-- Opening Marker --

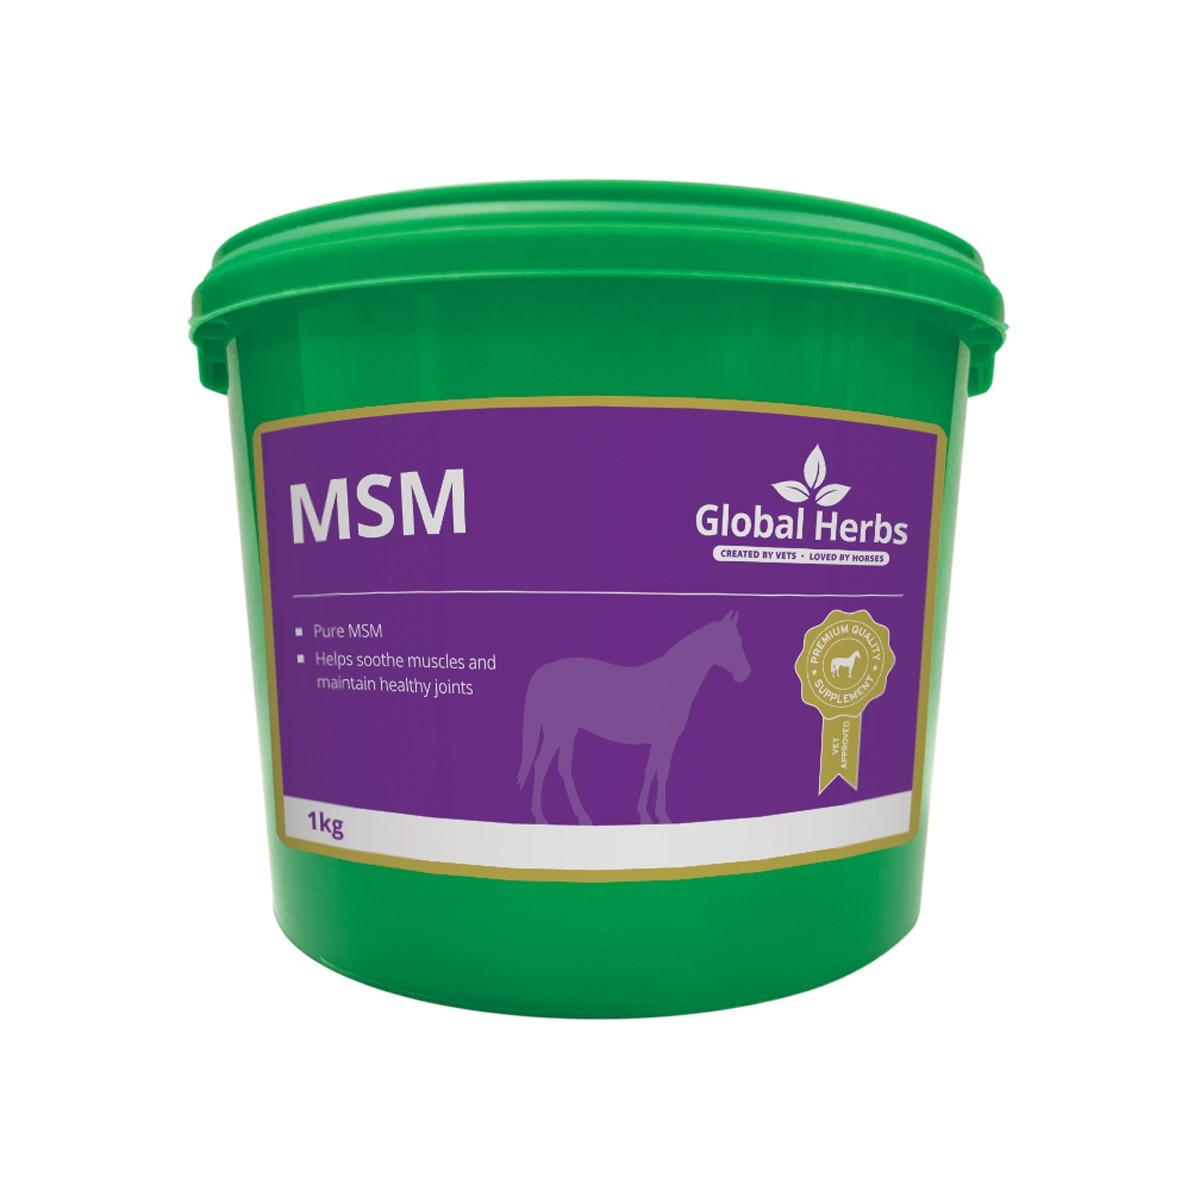 Global Herbs Pure MSM
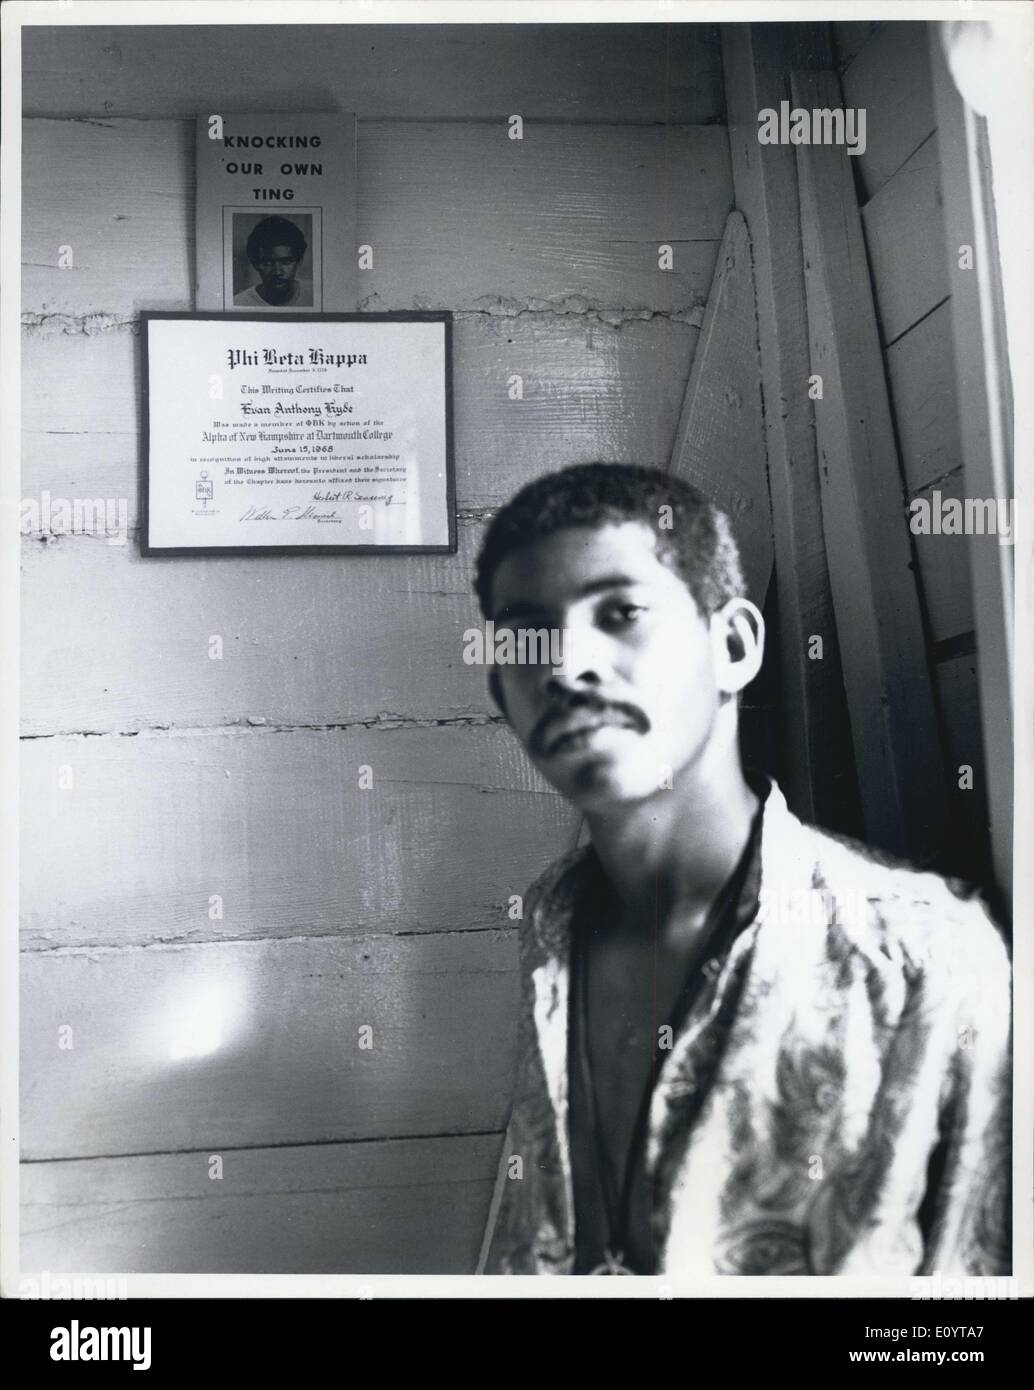 May 10, 1971 - Evan X Hyde: Head of U.B.A.D the black power party of British Honduras. He is a Phi eta Kappa graduate of Darmouth College - Stock Image
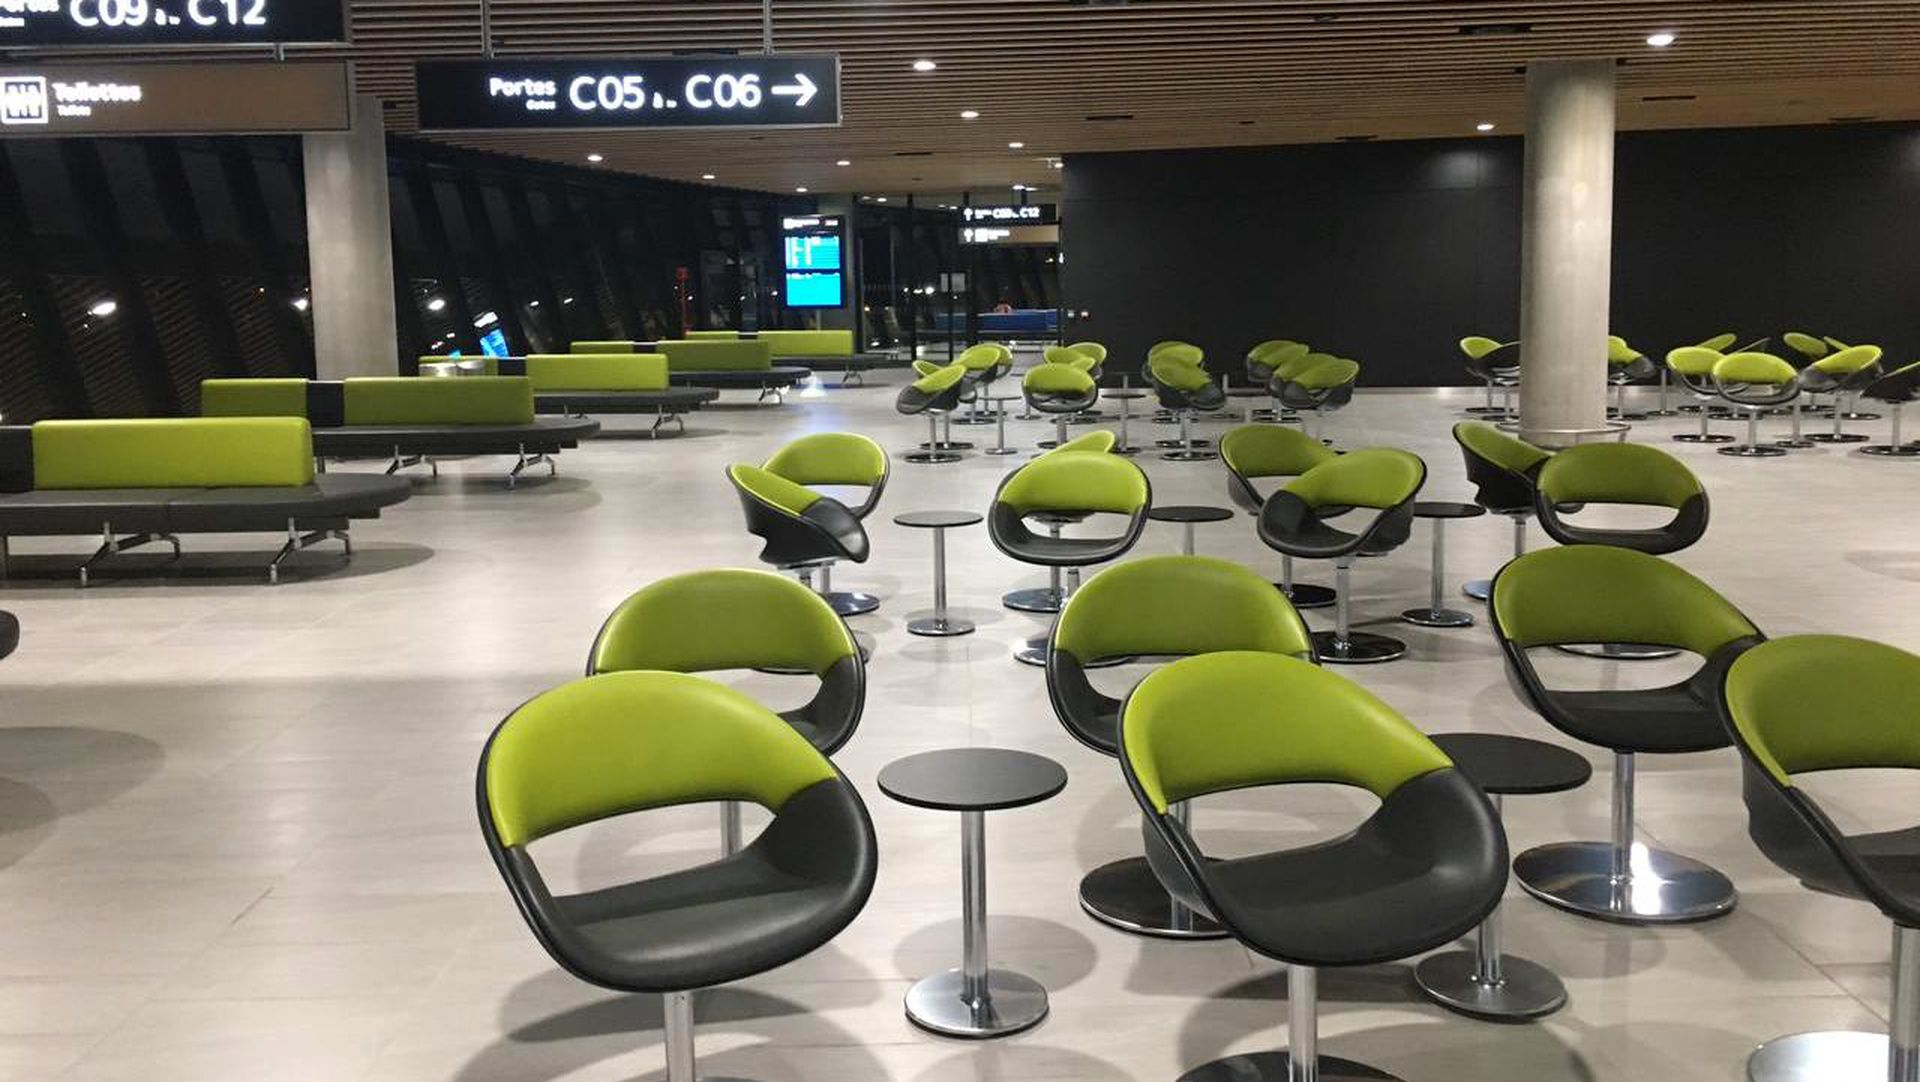 Lyon Saint Exupery Airport Starbucks Seating

-- Closing Marker --

### What you will do:
Your copy should hold only the lines running from the one that contains "May 10, 1971" through the final line of the data; transcribe them exactly, both ends included, and leave pictures out.

### Written response:
 May 10, 1971 - Evan X Hyde: Head of U.B.A.D the black power party of British Honduras. He is a Phi eta Kappa graduate of Darmouth College - Stock Image
 Lyon Saint Exupery Airport Starbucks Seating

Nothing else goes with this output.